In the Path of a Crazed Bull Elephant In Heat

When I once sought input from my longtime activist friend Betty about Mickey’s very wild lifestyle, Betty wrote:

“Mickey’s line of work is akin to sauntering along in the path of a crazed bull elephant in heat. I admire Mickey’s courage, ingenuity, audacity and her sheer strength of will not to allow anyone to intimidate or threaten her, but I worry about her constantly. Listening to the boys’ fantasies must get horribly old and terribly fast. In comparison to Mickey, the extremely slight exposure I get – at work, in stores, restaurants, streets, wherever – turns my nerves to live electric wires. The boys’ fantasies and their proclivity to violence are as close as a kid glove on a hand. Whether directives from the Pentagon or calls to Mickey’s phone line, the boys’ understanding and masculinity, as defined by them, come across the same. My motto is: gamble safely and only dangerously when it is an absolute necessity. I fully recognize the necessity for Mickey’s gamble every time she answers the telephone or the doorbell, but my blood turns to ice every time I hear a newscast or catch a headline in a newspaper. I also know Mickey is cognizant of the explosive possibilities of every encounter – not just her clientele, but the moralists, the cops, and the staked-out territory she might tread on.”

Fortunately, throughout her many years of life on the wild side, Mickey never was put in harm’s way by what Betty appropriately called the “crazed bull elephant in heat.”
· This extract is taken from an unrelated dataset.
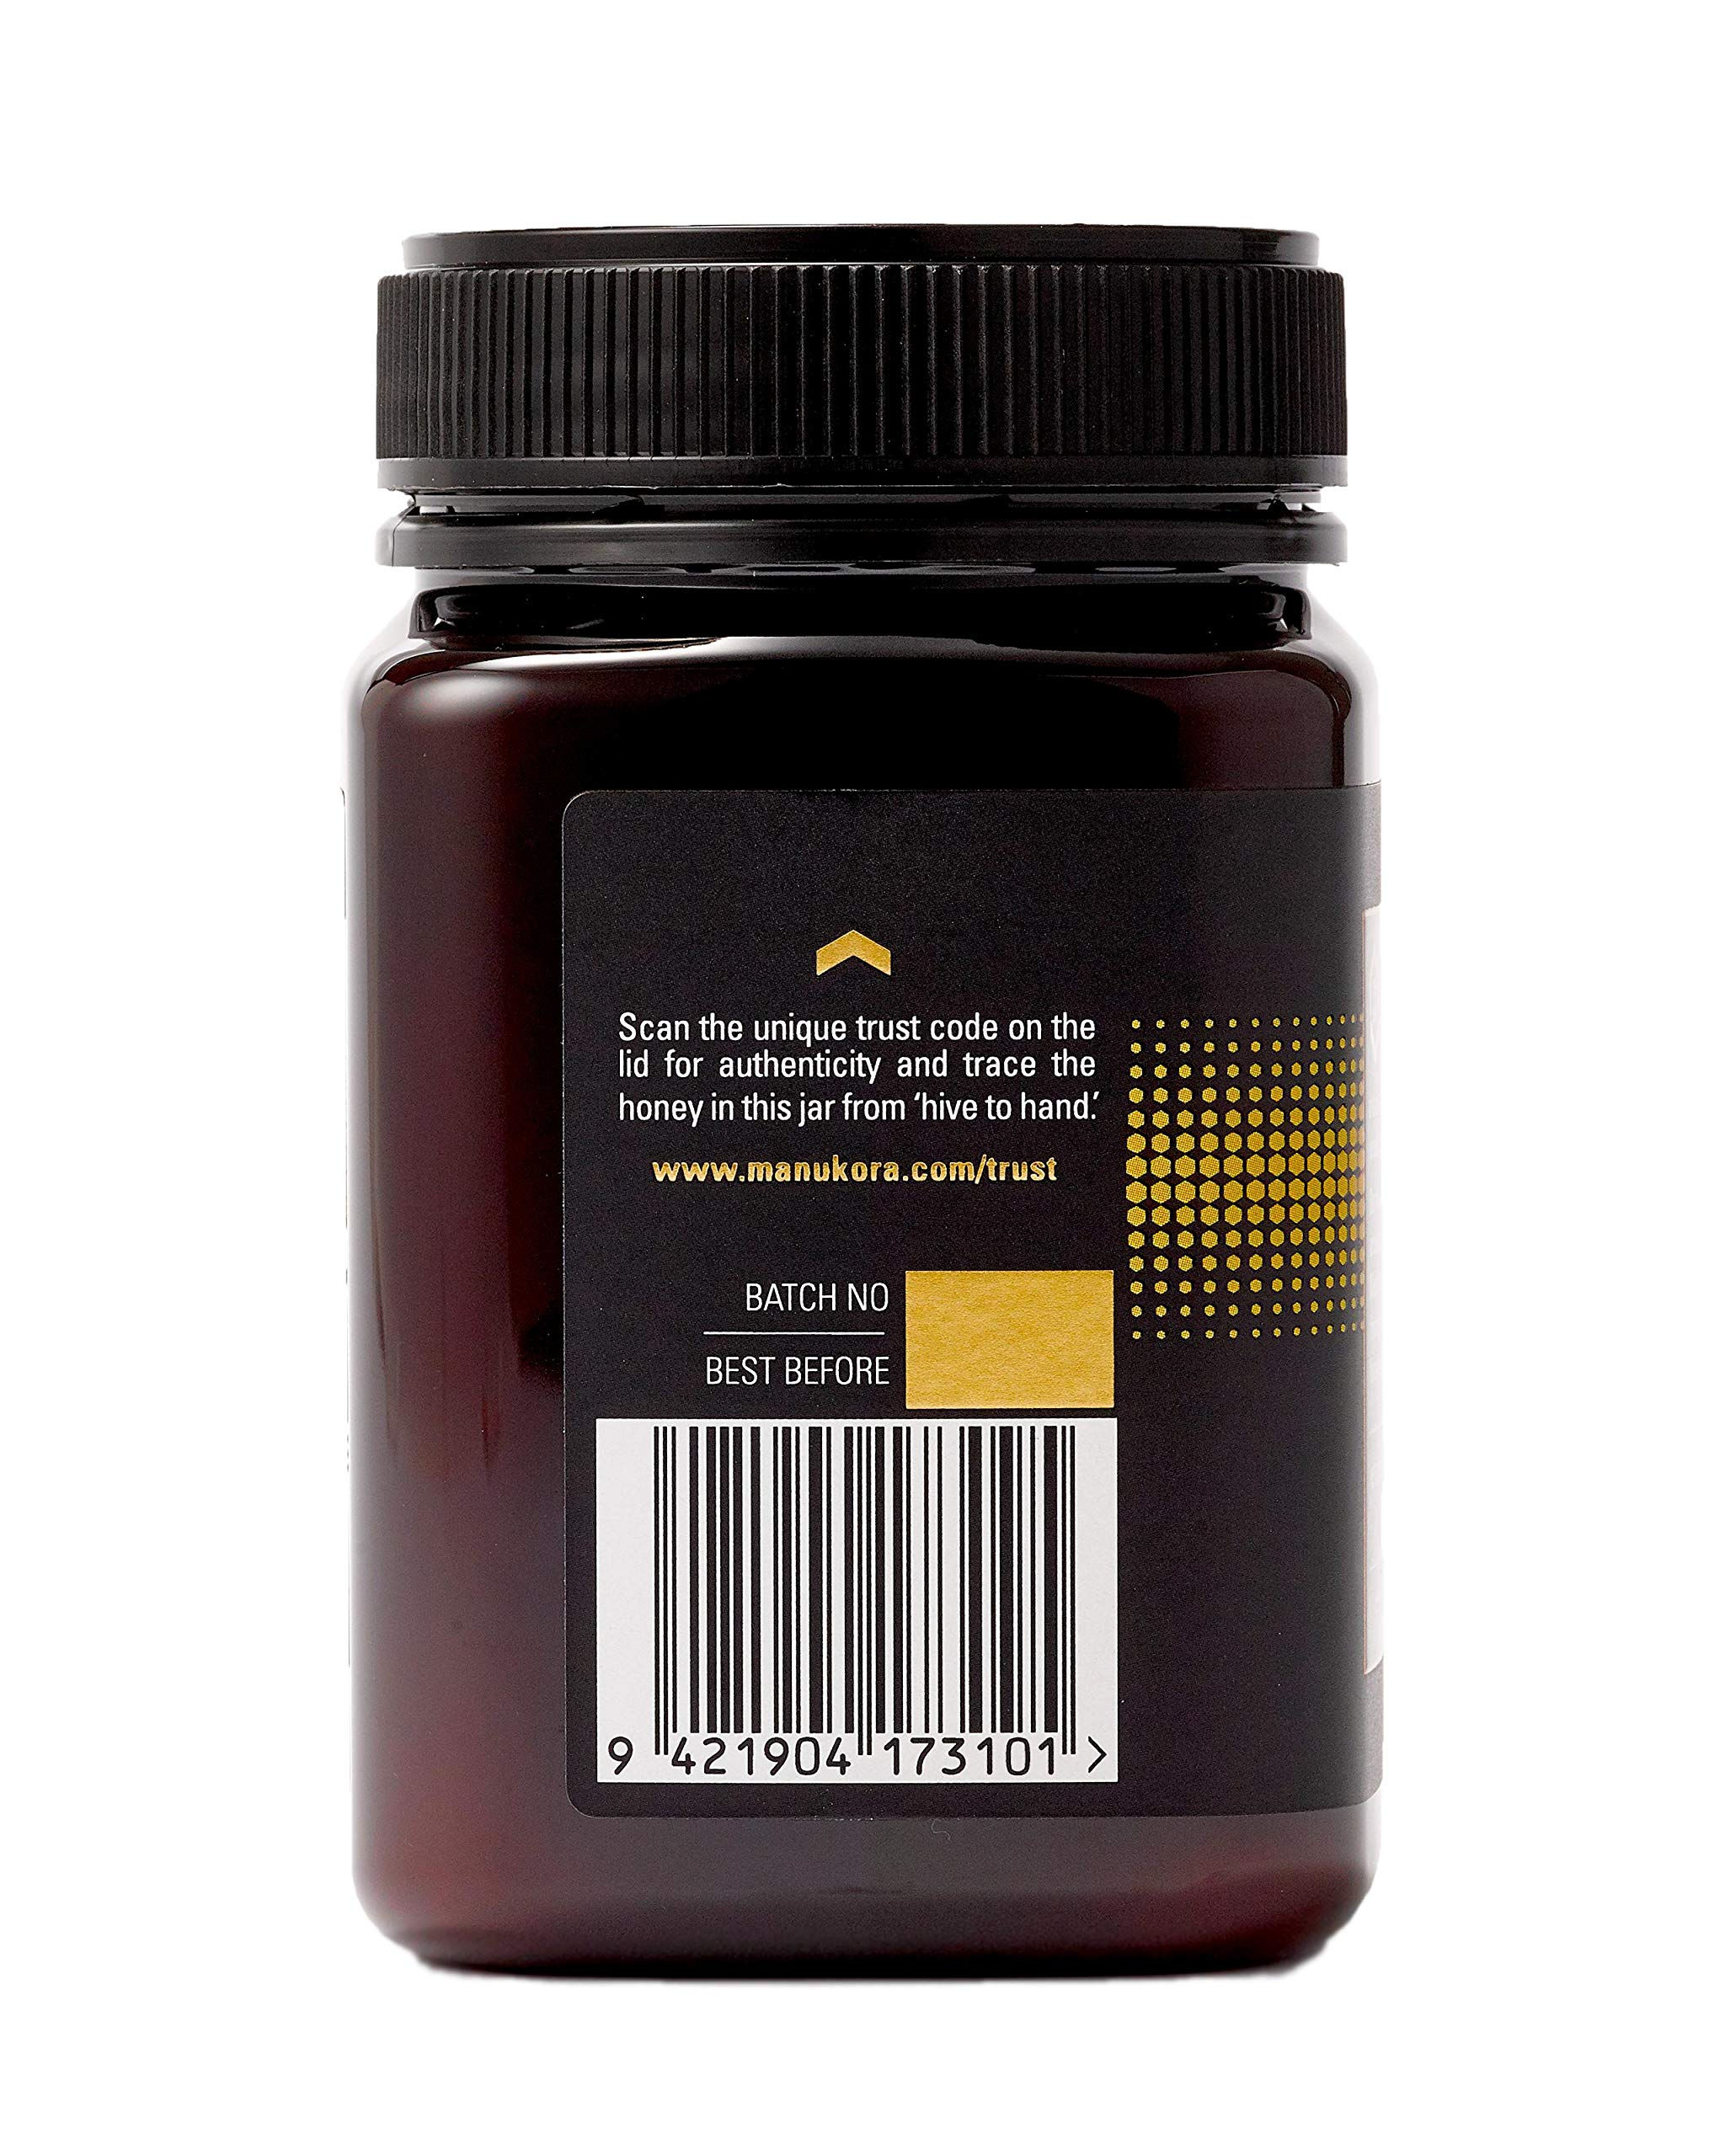 Manukora UMF 20+/MGO 830+ Raw Mānuka Honey (500g/1.1lb) Authentic Non-GMO New Zealand Honey, UMF & MGO Certified, Traceable from Hive to Hand by Manukora (Image #6)

A Book about Mickey’s Wild Life

Mickey periodically asked me to seriously consider writing a book about her wild life. Due to being busy in other aspects of my life, I never had time to follow up on her suggestion. Although the many episodes of her life would have been more than enough material for a book, we always thought that people would find the tales so outrageous and hard to believe she really went through it all. When I once sought input from my longtime activist friend Betty about the prospect of a book, Betty wrote:

“There is a market for the book. A number of people (who started out reading it because it was banned from California to Italy) would learn the truth about the use and abuse of power and by whom. The sensitive and the intelligent, intrigued by natural curiosity, would be educated. Mickey could retire from hustling.”
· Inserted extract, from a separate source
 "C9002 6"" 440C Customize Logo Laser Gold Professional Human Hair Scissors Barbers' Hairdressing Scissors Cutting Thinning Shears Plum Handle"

Although the book never will be pursued by me, this memorial piece should serve as a synopsis of the life of Mickey as the wildest of the wild ones.


© 30 April 2014


About the Author



Since 1964 Donaciano Martinez has been an activist in peace and social justice movements in Colorado. His family was part of a big migration of Mexican Americans from northern New Mexico to Colorado Springs in the 1940s. He lived in Colorado Springs until 1975 and then moved to Denver, where he still resides. He was among 20 people arrested and jailed in Colorado Springs during a 1972 protest in support of the United Farm Workers union that was co-founded by Cesar Chavez and Dolores Huerta. For his many years of activism, Martinez received the 1998 Equality Award, 1999 Founders Award, 2000 Paul Hunter Award, 2001 Community Activist Award, 2005 Movement Veterans Award, 2006 Champion of Health Award, 2008 Cesar Chavez Award, 2013 Lifetime Achievement Award, and the 2013 Pendleton Award. La Gente Unida, a nonprofit co-founded by Martinez, received the 2002 Civil Rights Award. The year 2014 marks the 50-year anniversary of his volunteer work in numerous nonprofit situations.